How much CO2 is in the atmosphere?

In 2021, the concentration of

carbon dioxide (CO2) in the Earth's atmosphere was 414 parts per million (ppm). This number varies considerably by measurement location and time of year. CO2 levels also keep increasing due to human activities like burning fossil fuels and deforestation.

Let’s dive a bit deeper…

Climate change is caused in part by greenhouse gases, like carbon dioxide (CO2). They're called greenhouse gases because they produce a greenhouse effect by trapping more heat in Earth's atmosphere.

To be sure, it's a good thing that there are greenhouse gases like CO2 in our atmosphere. Without them, the Earth would be too cold for us to live. Still, if there are too many greenhouse gases in the atmosphere, it might get too hot for us.

As a result, you hear a lot about CO2 emissions from things like power plants, cars, and planes. You hear politicians and policymakers talk about needing to reduce emissions, and you read articles online arguing about the best ways to do that.

All of this can get confusing. Let's get the download on getting CO2 back down low.

Show me the numbers

The main greenhouse gas you hear about is CO2. There are other ones, like methane (CH4) and nitrous oxide (N2O). All are important and exist in different concentrations in the atmosphere. For today, we’ll focus mostly on CO2.

One tricky thing about these gases is that you can't see them like you can see plastic pollution on the beach. But just because we can't see them doesn't mean we haven't been dumping them into the environment. Maybe if we could see them, we'd have changed our ways long ago.

To understand how much CO2 is in the atmosphere, it helps to break down the concept of parts per million. To use a metaphor, if the Earth's atmosphere were a beach with 1 million grains of sand, only 420 of those grains would be CO2 particles.

That corresponds to one measurement of how much CO2 is in the atmosphere from 2022. Researchers at the Mauna Loa observatory in Hawaii measured CO2 concentrations as 420 parts per million. Based on that, it’s also accurate to say our atmosphere is 0.042% CO2.

That's like… not that much, right?

Parts per million may seem like a small quantity. But humans have significantly altered our atmosphere's composition in a short amount of time. Before the Industrial Revolution, there were never more than 300 parts per million of CO2 in the Earth's atmosphere. As we noted, today there are ~420 parts per million. That's a 40% increase in ~300 years!

And that can make an impact. Generally, the higher the level of CO2 ppm in the atmosphere, the warmer the Earth gets. As NASA once explained, there are ~400 ppm of caffeine in a cup of coffee. If you feel a kick from your morning joe, you know 400 ppm can be powerful!

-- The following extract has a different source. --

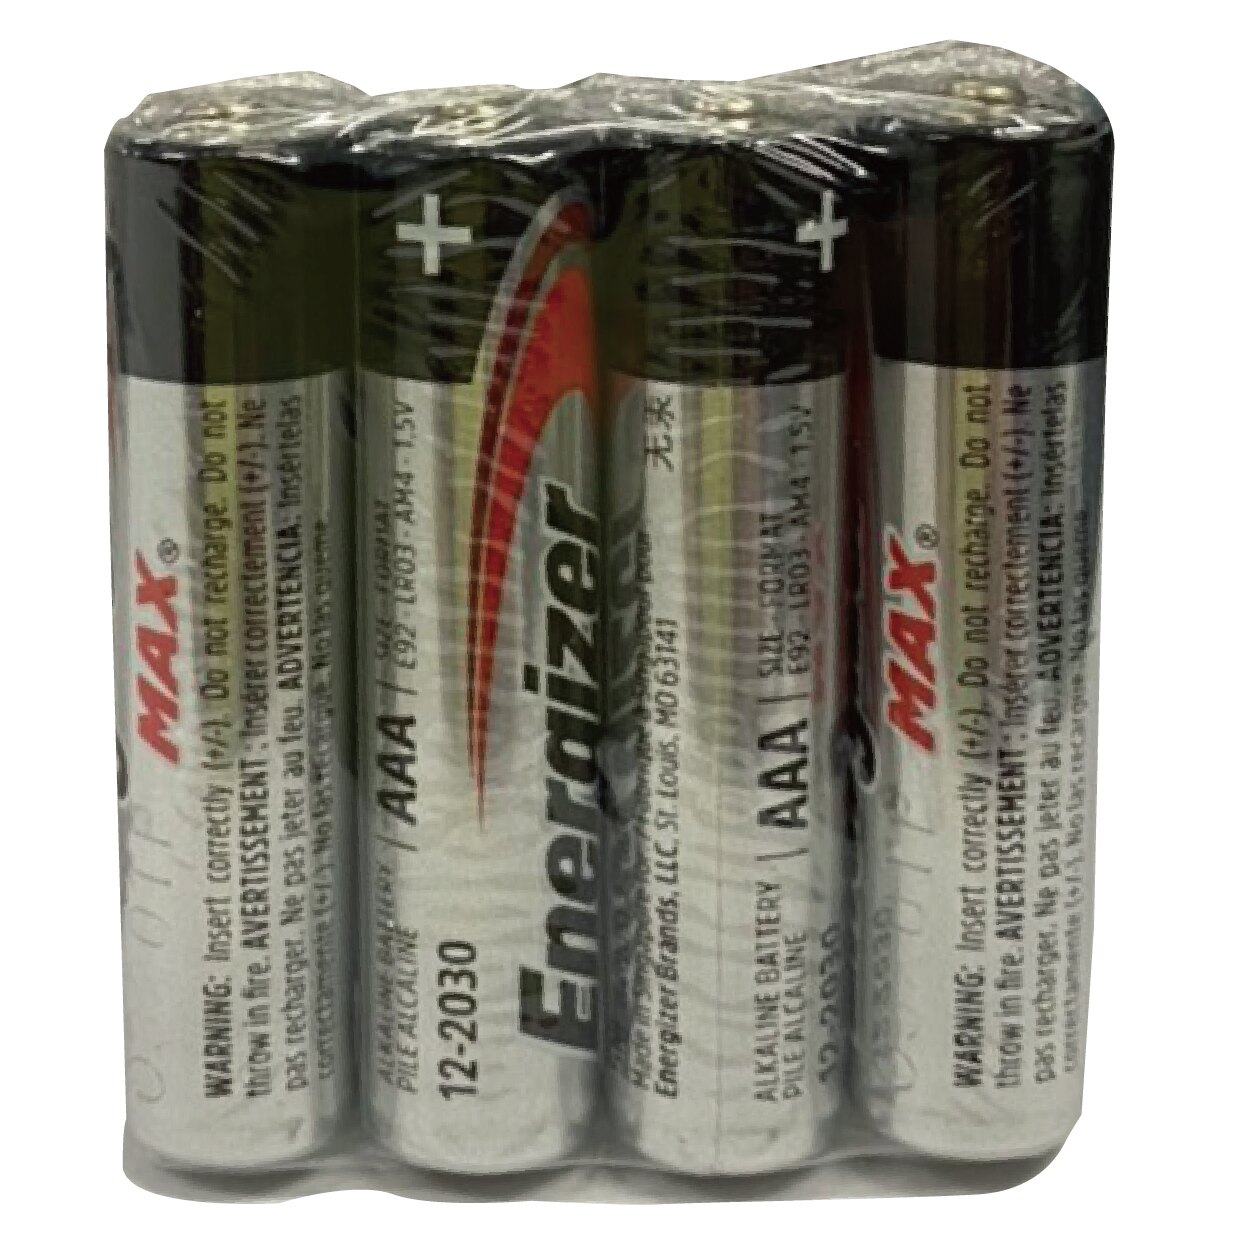 Energizer 勁量 4號 AAA 鹼性電池 40顆入 /盒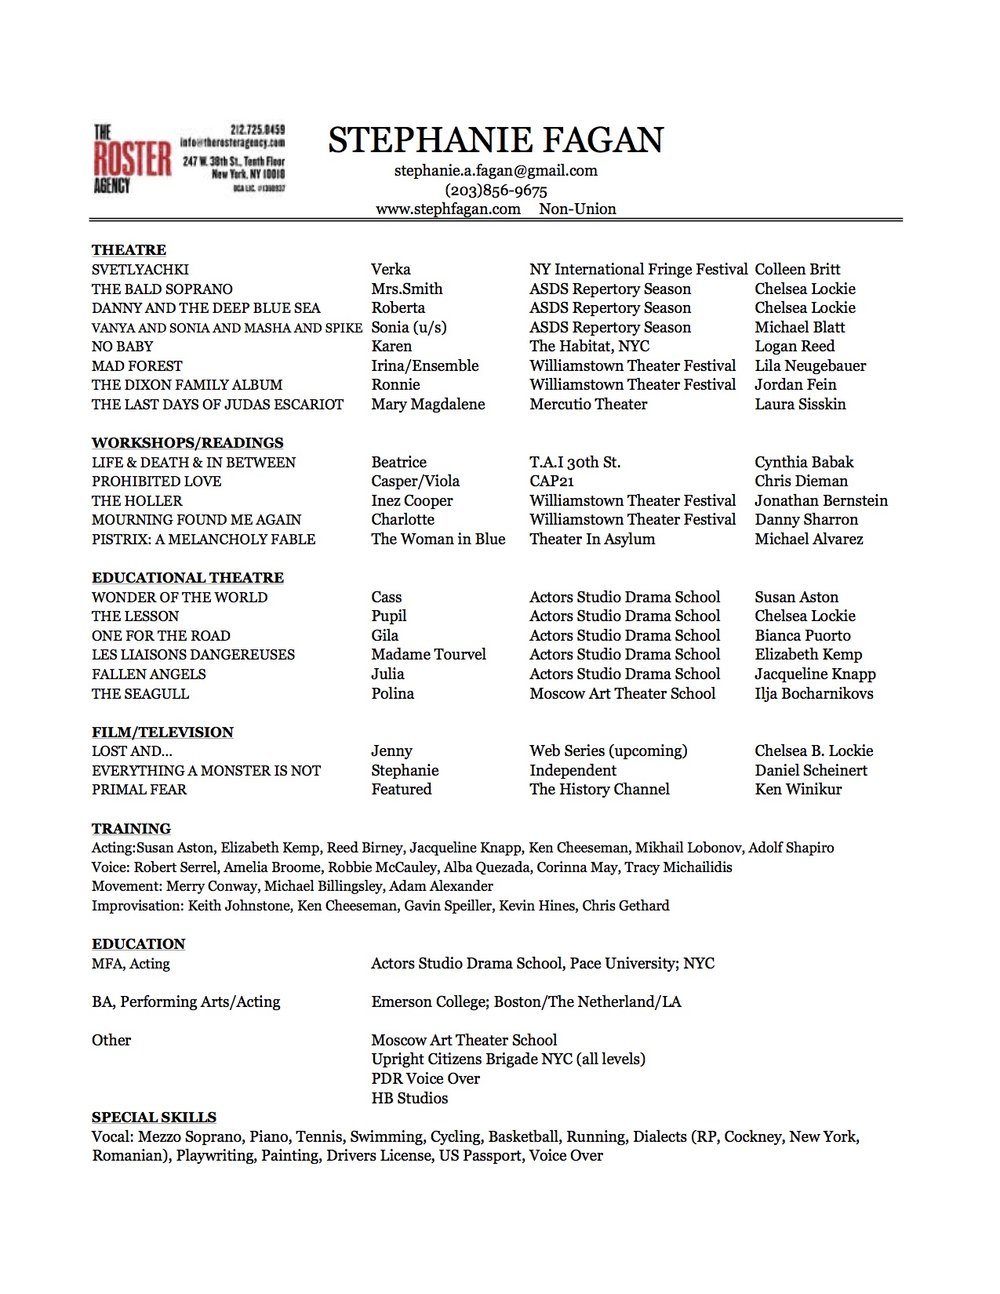 Stephanie Fagan Acting Resume.jpg

And the Earth is experiencing the power of parts per million. Average temperatures globally have increased by more than 1° C over the past 100 years.

How did we get here?

Next question. Why is there more CO2 in the atmosphere now than before?

In the 20th century, we started burning fossil fuels to make electricity, move cars and ships, and power industrial processes. Burning fossil fuels releases greenhouse gases into the atmosphere. The more we burn, the more greenhouse gas levels in the atmosphere increase.

You’ve probably heard of the Industrial Revolution. That’s when CO2 levels in the atmosphere really started increasing. Enterprising people in the U.K., the U.S., and elsewhere realized that burning coal was more productive than burning wood, whether to heat a home or make steel.

Since then, we haven’t slowed our roll. We burn more coal, oil, and natural gas than ever. Even though other technologies like solar and wind are making progress for power generation, oil and coal are still the largest fuel sources for energy globally.

What should we do?

Experimenting with our atmosphere on the scales we have been for hundreds of years is irresponsible, not just for us, but for all species and life on Earth.

The first step to unwinding some of this dangerous experiment is transitioning society off fossil fuels for energy. Which won’t be easy – fossil fuels still provide 80% of global energy.

But in order to reverse climate change, we also need to remove excess CO2 from the atmosphere. That won’t be easy, either.

Still, many natural systems already remove CO2 from the atmosphere. Plants and trees are a good example; they’re constantly soaking up billions of tonnes of CO2 from the air to turn it into sugar and oxygen via photosynthesis.

Humans are also getting better at engineering new carbon removal solutions. Examples include giant fan-like machines that suck CO2 out of the air. Or reactors that turn plants into oil so we can inject it back underground.

Whether via engineered solutions, natural systems, or both, scaling the world’s carbon removal capacity is vital to reversing climate change.